Hummingbird’s 2021 survey of marketing decision-makers revealed their belief that having a strong brand is important partly because they see buyers of their organizations — both business-to-business (B2B) and business-to-consumer (B2C) — as requiring their providers to have a strong brand.
But when we looked at the data a little more closely, we found that decision-makers in B2C organizations who feel that customers and prospects emphasize a strong brand outnumbered those in B2B organizations by more than double (40% vs 19%).
Among our respondents were three distinct groups— Brand Believers, Metrics Masters, and Disengaged Doubters — set apart by the attitudes they shared toward branding development. Read more about the characteristics of each group in our previous post.
For now, it’s important to know that 69% of the three groups combined believe their organization’s brand is either very strong or fairly strong in the minds of their target customers. So while B2C marketing leaders tend to feel more strongly that their prospects need them to have a strong brand, all have done the work of building a brand that they believe is strong in their prospects’ minds.
Their responses raise questions about the importance of brand strength for B2B and B2C organizations… Let’s take a closer look at how brand strength similarly benefits all companies and then how B2B and B2C businesses build it differently.
How is the importance of brand strength the same across B2B and B2C organizations?
In both cases, branding helps improve business value. Whether your company is a B2B or B2C model, having a strong brand means you can:
1. Attract better talent.
“In the past, job security, decent compensation, or at least a tangible opportunity was the price of entry for people coming into organizations. Now a massive number of employees not only want to feel invested in the work they do, but they also want to see that their employer is invested in the same things they value and believe in.”
Attracting the employees who value what your company values takes the same strategy that attracts prospects…differentiating your company and defining its culture. Today’s workforce wants to know your values and what matters most to you. And they want to know they can trust you to do what you say you’ll do.
When you communicate a clear brand message, your company is more likely to attract the talent that fits your culture well.
2. Attract more prospects.
“People are more likely to trust a brand they’re familiar with or have at least heard about.
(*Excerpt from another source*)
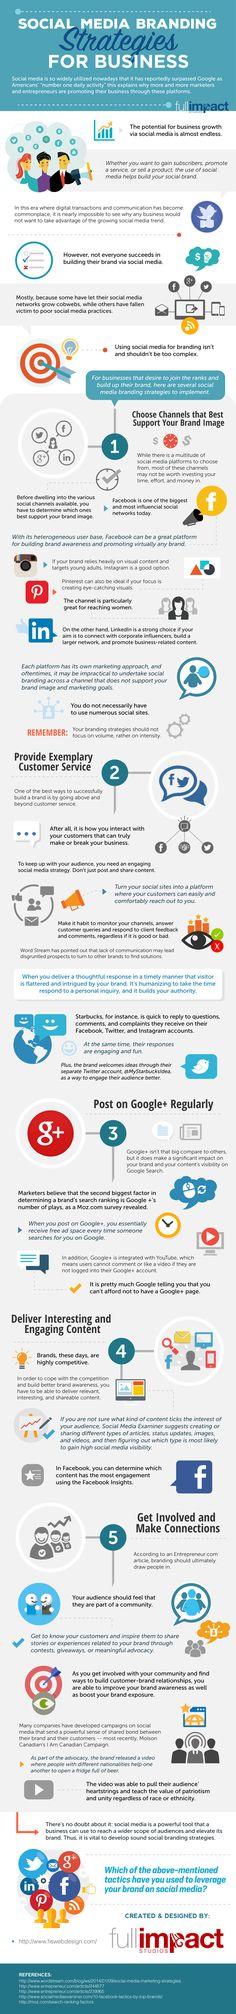 5 Social Media Branding Strategies for Business [Infographic] | Social Media Today

They don’t feel as compelled to ask as many questions or conduct as much research as they would for a brand they don’t know.” – American Marketing Association
When you’ve built a strong brand and positioned your company well through consistent messaging, trustworthy testimonials, and more, you’re more likely to attract prospects that are similar to your current customers and need the products or services you’re offering.
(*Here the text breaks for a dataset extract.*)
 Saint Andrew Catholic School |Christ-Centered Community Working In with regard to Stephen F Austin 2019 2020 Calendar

- Benefit from more defined processes.
“The delivery of your brand through timing and across channels significantly contributes to the consistency of experience. The channels you choose, as well as the frequency of contact, create a rhythm of communication.” – American Marketing Association
Defined processes contribute to the consistency of your brand. When your customers know what they can expect when, your brand’s credibility, promise, and differentiating factors truly set you apart. Your brand’s personality becomes increasingly clear…amplifying brand awareness and loyalty as well.
- Grow revenue faster.
A strong brand grows revenue faster because customers are more likely to purchase products from a brand they know and trust. Strong brands also have high customer equity, which means that customers are more likely to continue doing business with the brand in the future.
Because strong brands have both of these things working in their favor, they can generate more sales and grow at a faster rate than their weaker counterparts.
A brand’s strength is important for both B2B and B2C organizations because it can ultimately affect their bottom line and increase their transferable business value.
Attracting the right employees, getting the attention of ideal prospects, delivering consistency through defined processes, and growing revenue quickly are some of the tangible effects of a strong brand…whether that brand serves other businesses or sells directly to consumers.
How do B2B and B2C organizations build brand strength differently?
We’ve seen quite a few similarities in the importance of brand strength. Now, let’s look at some of the differences in how brands build that strength.
- B2C brands tend to be more visible.
Brands selling directly to consumers tend to use a more transactional approach. Because their prospects often make impulsive purchases, they need to quickly communicate the value of their products and services. They also need their brand to be widely recognized by a large audience.
Social media and other digital marketing platforms are key for these brands because those platforms allow B2C brands to create an initial connection with the wider audience they’re trying to reach.
- B2C companies often spend more money on advertising to grow brand awareness.
Spending money on advertising is another way B2C brands can get in front of the wider audience they’re reaching for. Ads get their products and services in front of large numbers of B2C prospects through a variety of mediums — social media channels, television outlets, radio spotlights, print advertisements, and more.
On the other hand, B2B brands have narrower audiences and rely more on relationship building strategies so they can build brand awareness among suppliers and vendors in their specific target markets.
- B2B companies depend more on sales enablement to grow brand awareness.
Sales enablement is a critical part of any B2B company’s marketing strategy. By providing sales teams with the tools and resources they need to be successful, B2B companies can ensure that their sales teams are able to effectively sell their products and services to potential customers. In turn, they increase brand awareness and drive sales.
B2B and B2C businesses may build brand awareness in different ways, but brand strength matters for both. How strong is your brand?